On June 13, 2025, the Embedding Team hosted a hybrid symposium at Bobst Library at NYU to mark the culmination of our multi-year project focused on advancing the preservability of complex digital scholarship.

The symposium presented highlights from our research, featured perspectives from publisher and platform partners and debuted the updated version of the Guidelines for Preservability in New Forms of Scholarship. Also introduced was the Preservability Self-Assessment — a practical tool designed to help others embed preservability into their own digital scholarly projects. Attendees heard from others in the field who are tackling the challenges preserving complex, multi-modal digital scholarship. Together, we explored the question at the heart of this work: How can we move the preservability of digital scholarship forward?
The morning sessions included a statement of findings presented by Jonathan Greenberg, NYU Libraries; publisher experiences shared by Sara Jo Cohen, University of Michigan Press and Allison Levy, Brown University Digital Projects; an overview of updates made to the Guidelines for Preservability in New Forms of Scholarship and a demonstration of the Preservability Self-Assessment by Karen Hanson, Portico.
The afternoon sessions were designed to broaden the conversation beyond the scope of the project and began with a set of presentations from colleagues whose work is focused in a similar direction including: Gareth Cole and Holly Turpin spoke about preservability in the context of theses and dissertations (COPIM WP7); Alicia Wise introduced community efforts now underway to develop an EPUB/A standard; Janelle Jenstad talked about her work with colleagues building sustainable digital humanities projects (The Endings Project); Ilya Kremer of Webrecorder shared a new community-facing effort to build custom behaviors for preservability for their tool set; Lydia Gregg brought the history of art in medicine to life from the drawings of the founder of the program at Johns Hopkins School of Medicine through to the present day curriculum and the technology integral to sustaining this work that students learn to use from day one; and Chris Durlacher shared his film-maker and co-author perspective through his work on The Preservation of Knowledge in the Digital Age report. Following the presentations, attendees worked in small groups to explore the possibilities, opportunities, and challenges in the field; and imagine how we might collectively move preservability forward.
Summary of the small group breakouts
Participants were divided into five breakout groups, which were given three questions to consider, and were instructed to generate answers for at least one of them: What opportunities and possibilities do we see? What connections across initiatives can we make? And what challenges need to be addressed? Ideas were recorded by a notetaker in each group.
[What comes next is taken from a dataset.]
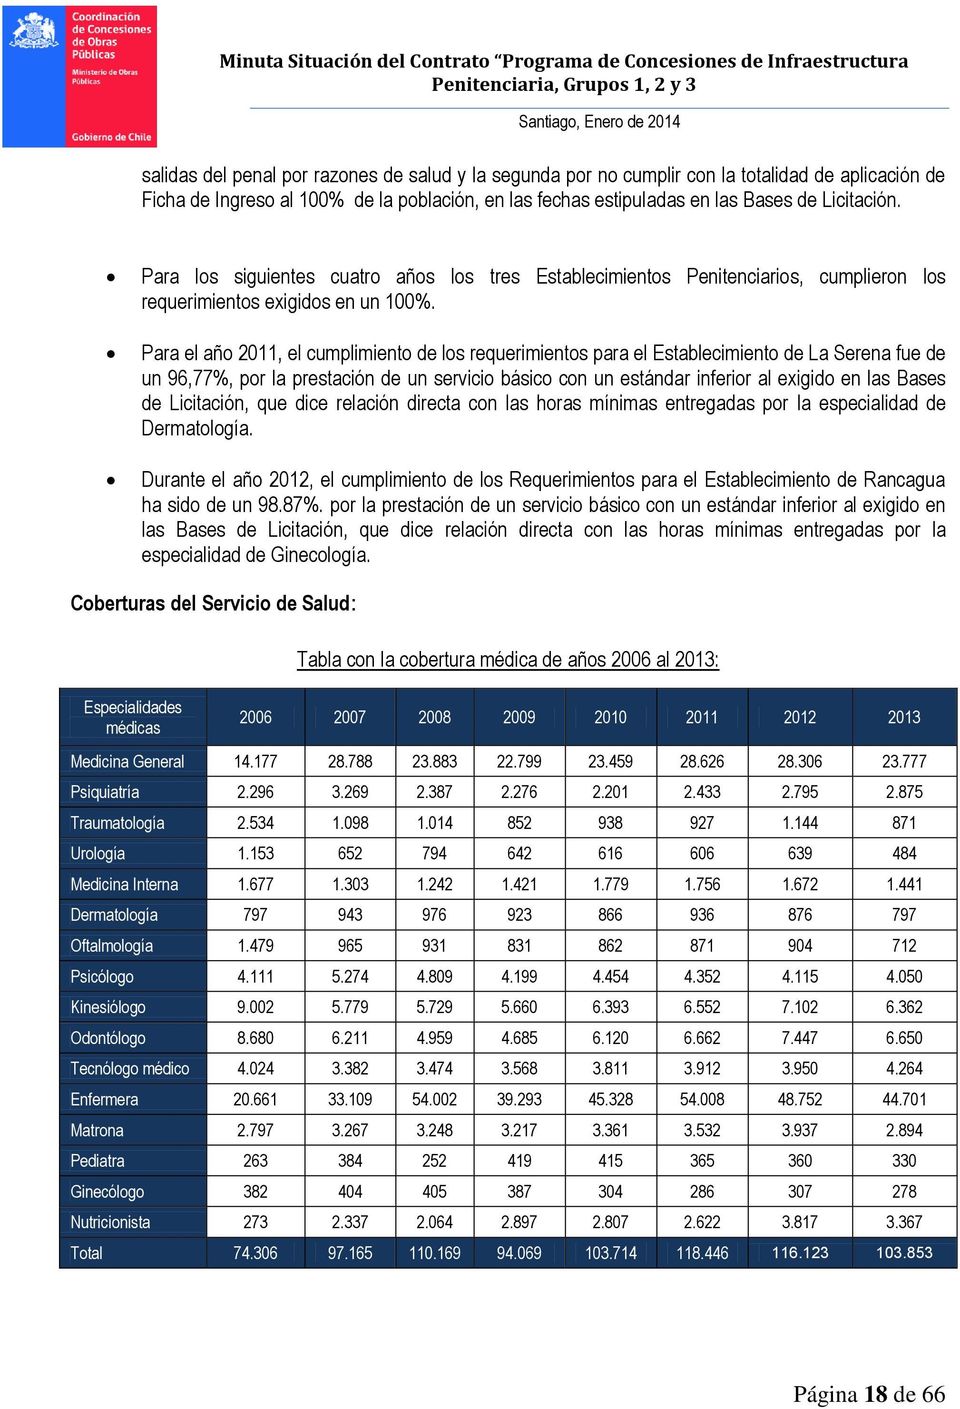 Para el año 2011, el cumplimiento de los requerimientos para el Establecimiento de La Serena fue de un 96,77%, por la prestación de un servicio básico con un estándar inferior al exigido en las Bases

We have extracted highlights below.
Participants identified challenges to preservability including the funding and time constraints for applying enhancements related to preservation. Lack of leverage to enforce preservation standards was identified as problematic, in contrast to the legal and institutional measures that incentivize accessibility. Other constraints include the need to have a wide variety of expertise (including technical) in the room in order to implement changes to improve preservability, and the challenge of educating publishers, platforms and researchers about preservability.
Participants saw opportunities to continue and strengthen the work done in Embedding Preservability for New Forms of Scholarship. One group highlighted that there is room for publishing platforms to enable better preservability—especially platforms not used by the publishers in Embedding Preservability. Groups talked about making the Self-Assessment Tool interactive, something the Embedding Team talked about but didn’t have time to do. Some participants felt there is a need for further publicity and exposure for the guidelines and Self Assessment Tool.
There were also broader suggestions for improved infrastructure, standards, and other initiatives. Multiple groups brought up the opportunity for a directory or a consortium that would further create community and shared services for preservability and would help publishers find preservation and technical expertise. There was also interest in creating a formal certification or approval structure for preservability that might give weight or incentives to publishers and other creators to invest in conformance. Participants acknowledged that codifying file formats such as EPUB/A and WACZ as standards would make it easier for many publishers and platform developers to ensure preservability. (What if a web archive file, either in WARC or WACZ format, were the publication format? one participant asked.) Participants also talked about expanding the effort toward preservability beyond scholarly publishers, perhaps through libraries (and their membership organizations).
Finally, symposium participants identified strategic approaches to make scholarship more preservable. Like accessibility-first software development, we could encourage preservability-first development of software and digital publications. Aligning with accessibility even more broadly might capitalize on existing standards and workflows. Participants also suggested embedding best practices for preservability in undergraduate and graduate education, perhaps in writing courses or in the publication of theses and dissertations.
We hope that some of these ideas gain traction.